Collected material:
= = = = =

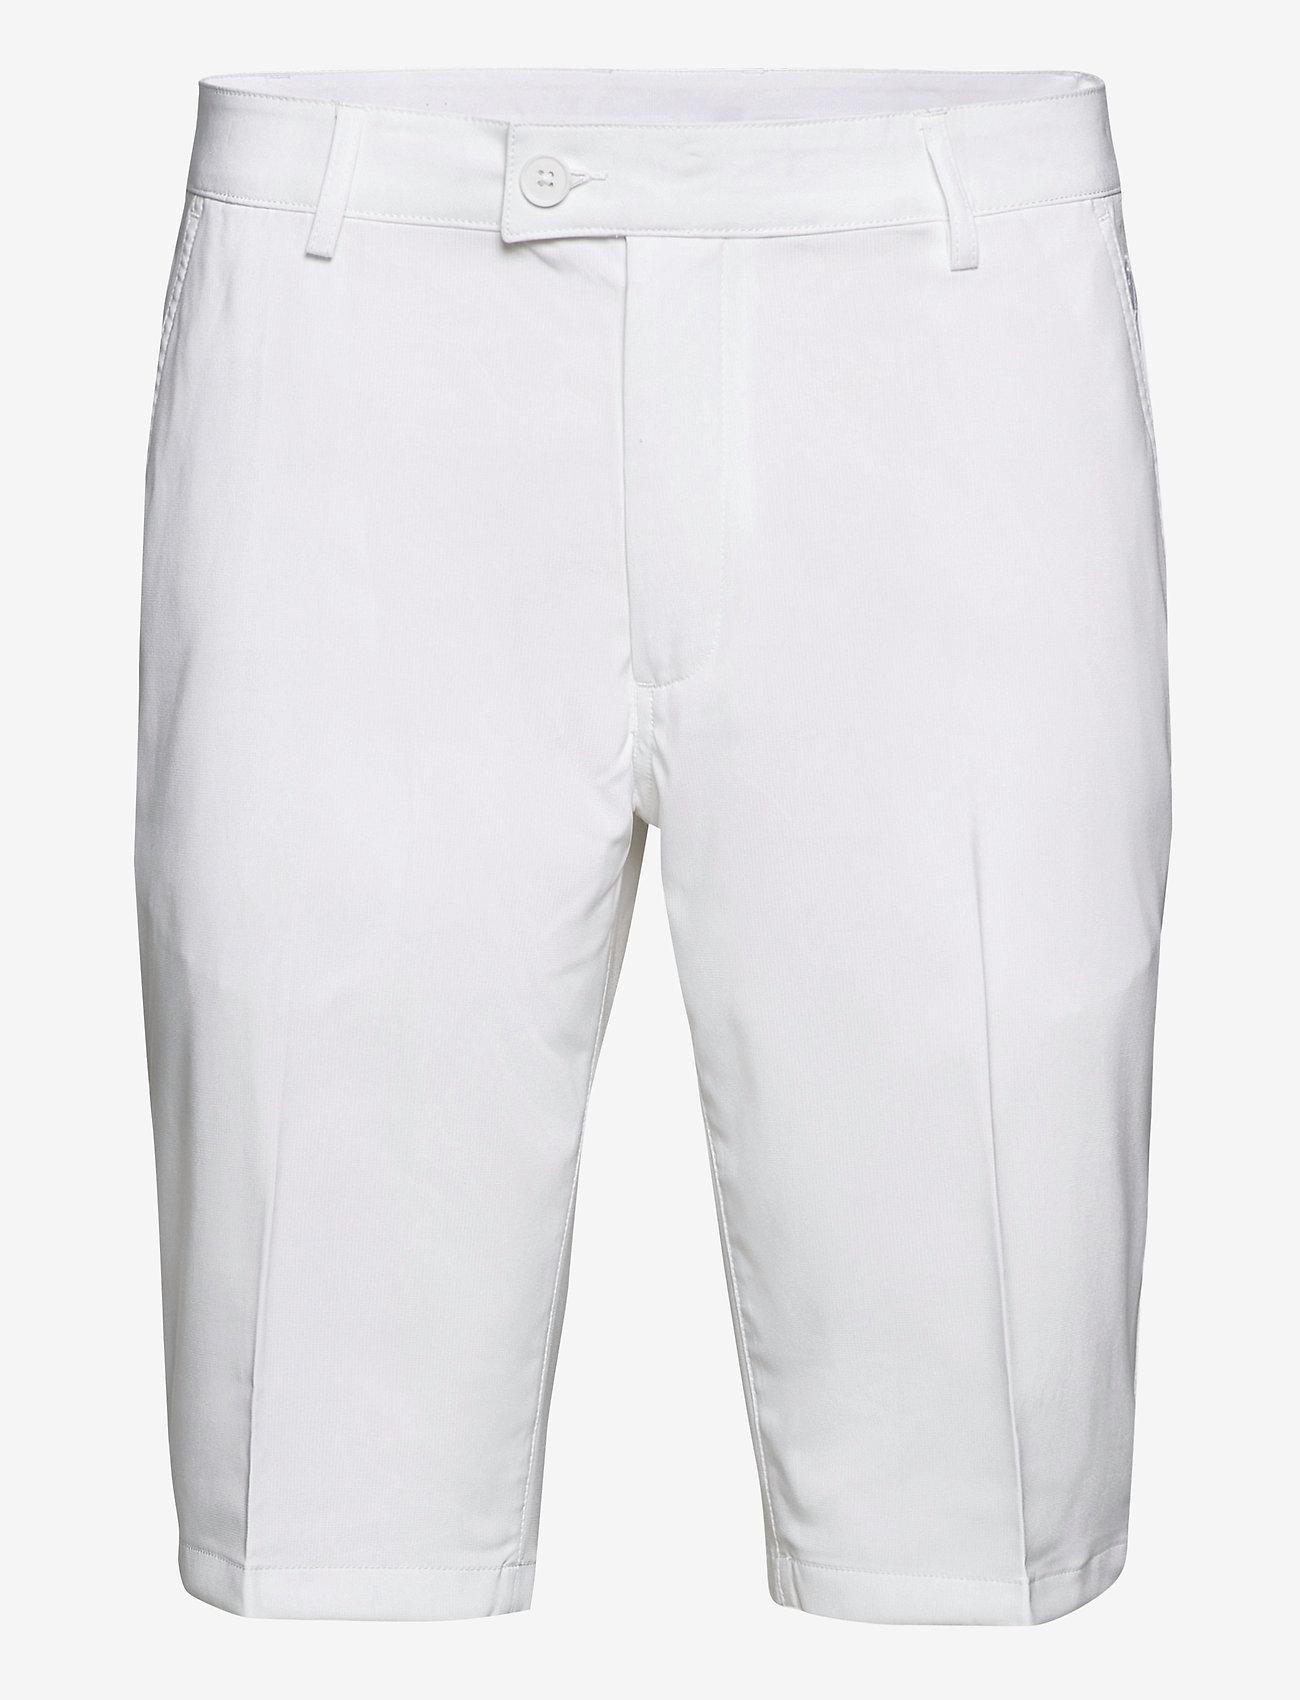 Abacus - Mens Cleek stretch shorts - golfbroeken - white - 0
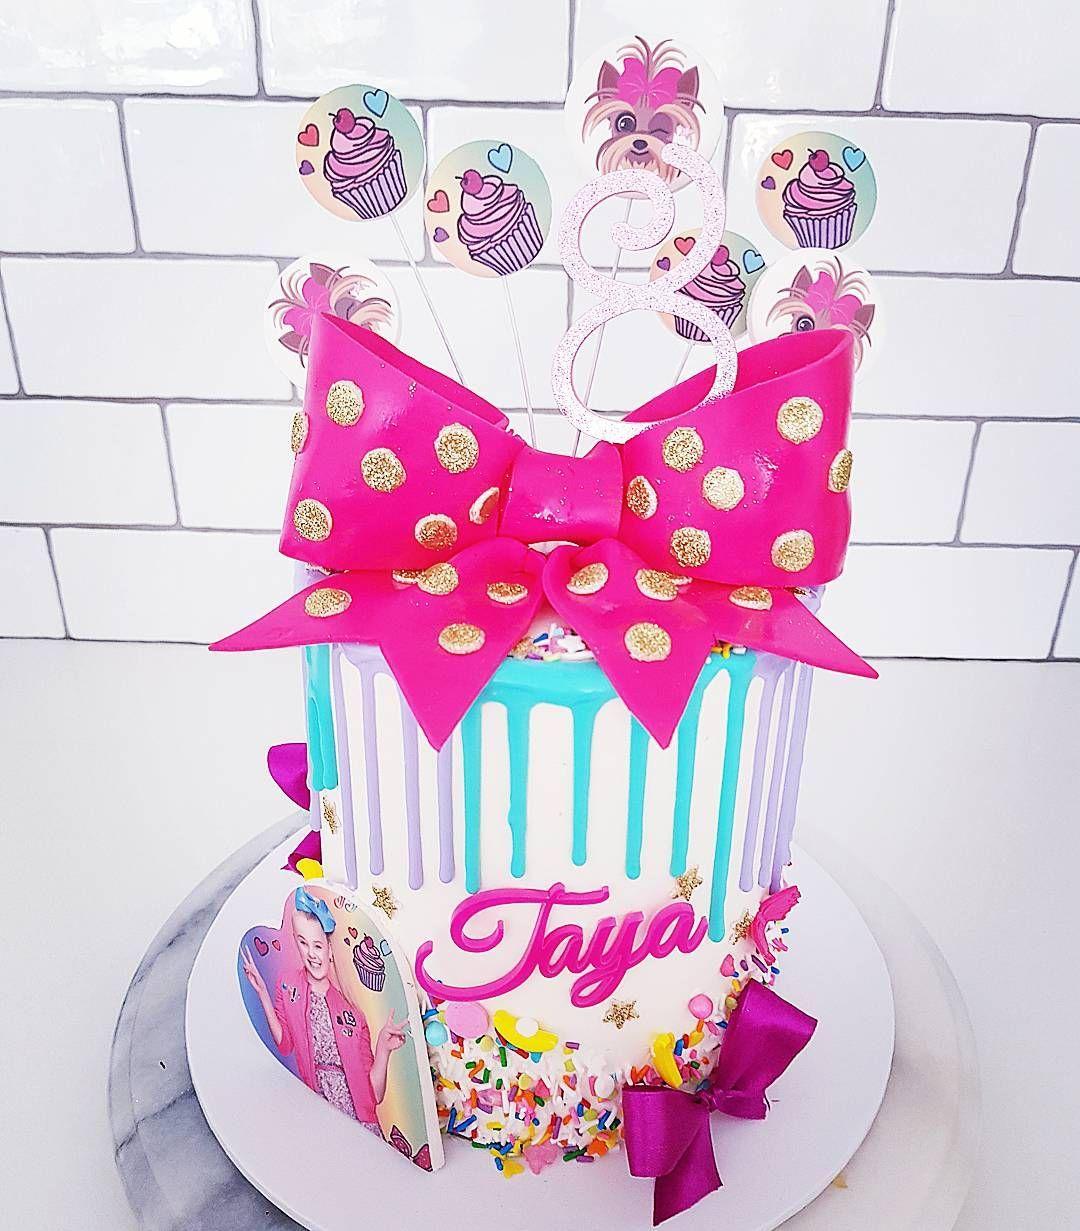 Jojosiwa Birthday Cake Dripcake Rainbowcake Colourful
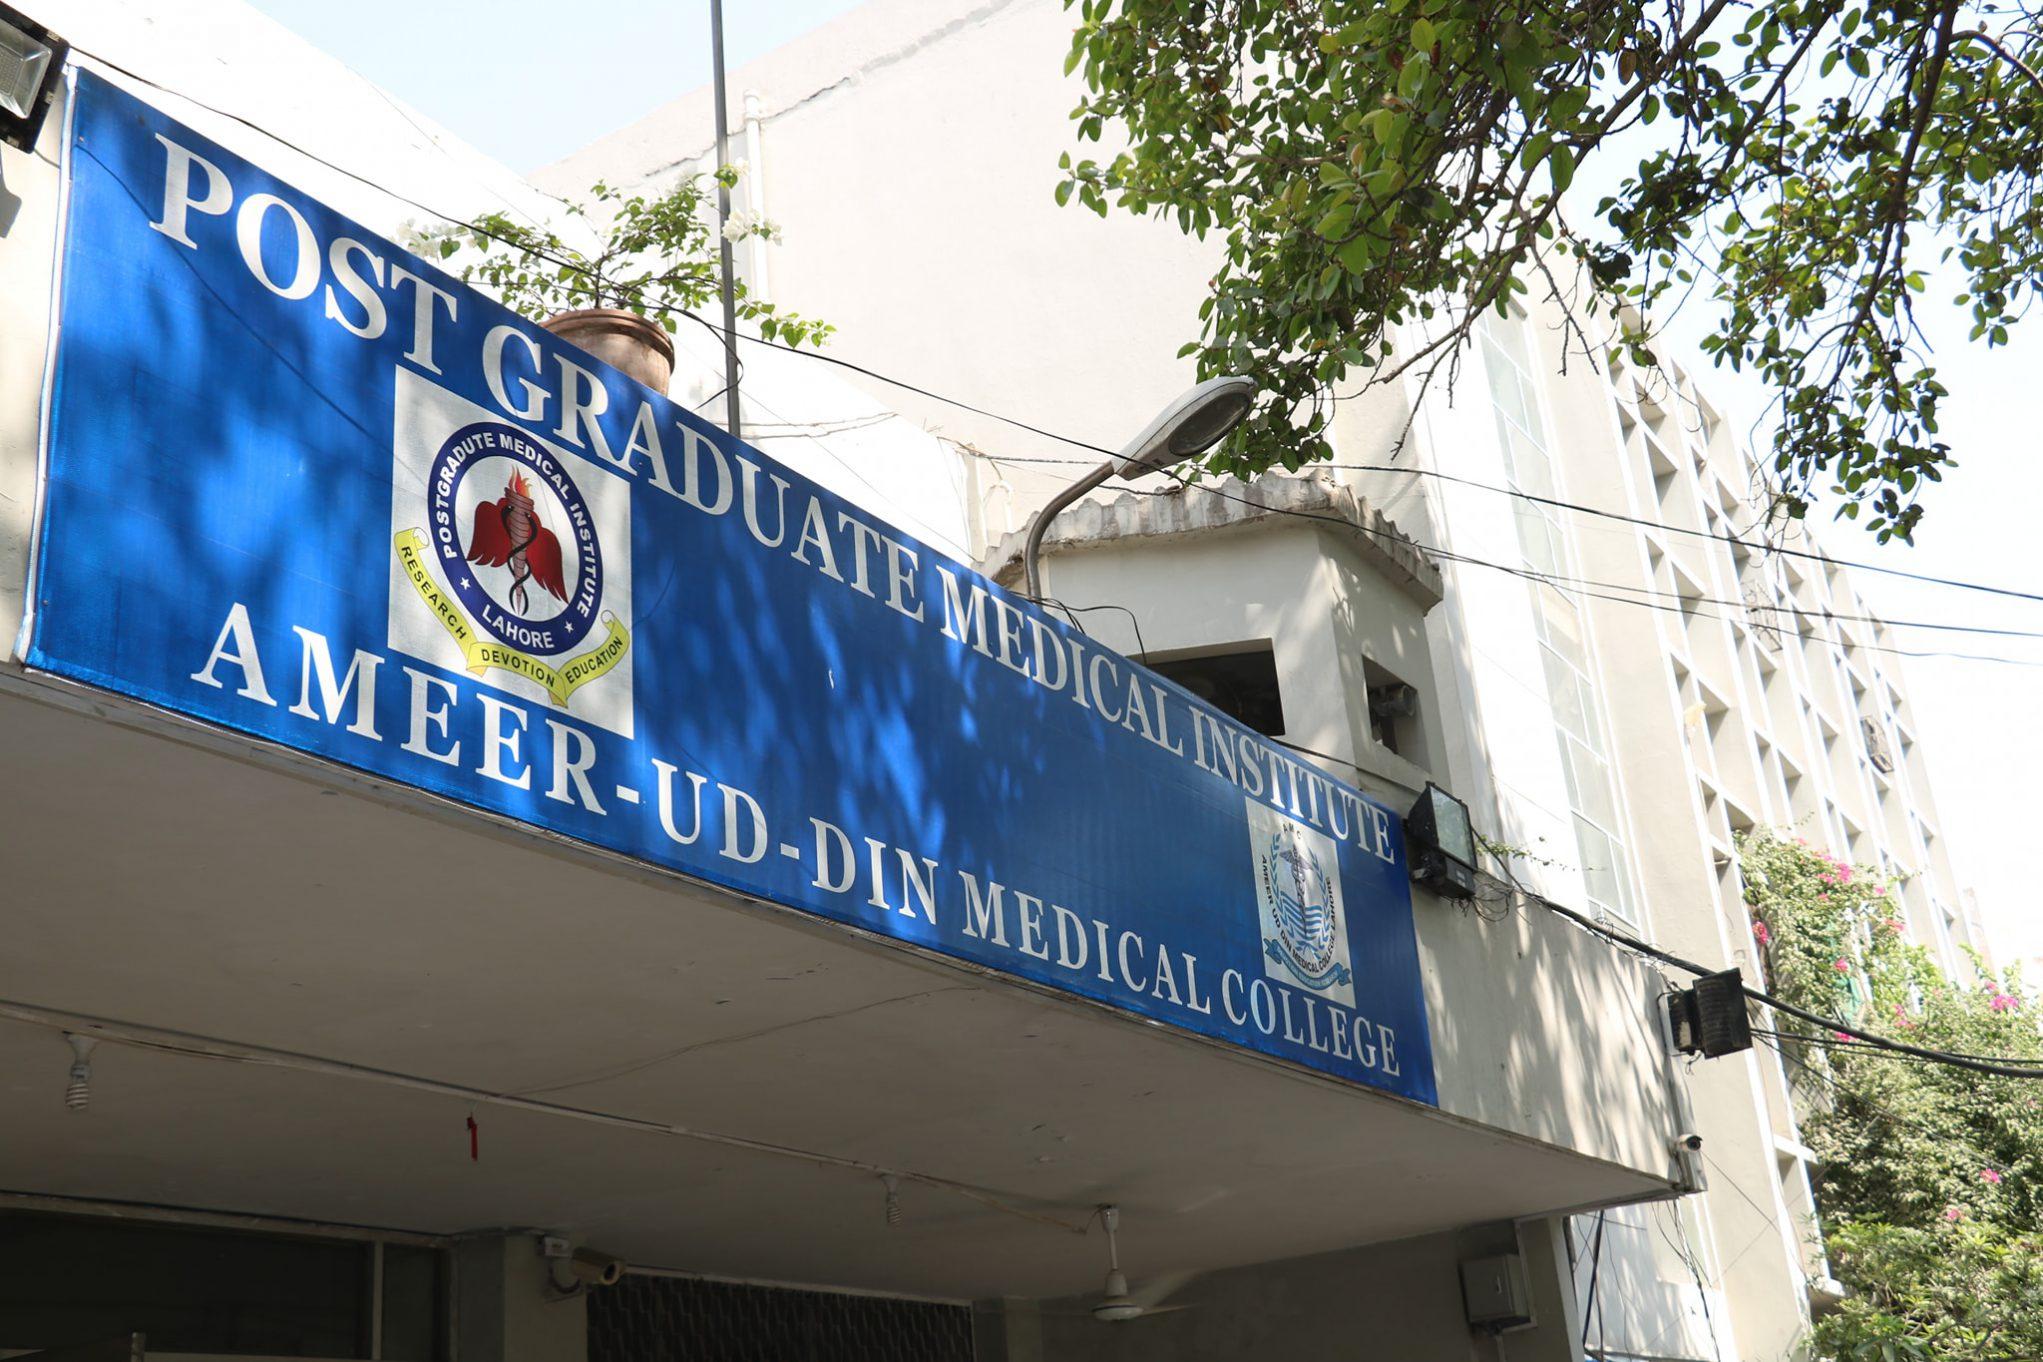 Ameer-ud-Din Medical College (PGMI)

= = = = =

Exercise aim: In your answer, give every line of the listing above exactly, and do not include the images.

Problem solution:
 Abacus - Mens Cleek stretch shorts - golfbroeken - white - 0
 Jojosiwa Birthday Cake Dripcake Rainbowcake Colourful
 Ameer-ud-Din Medical College (PGMI)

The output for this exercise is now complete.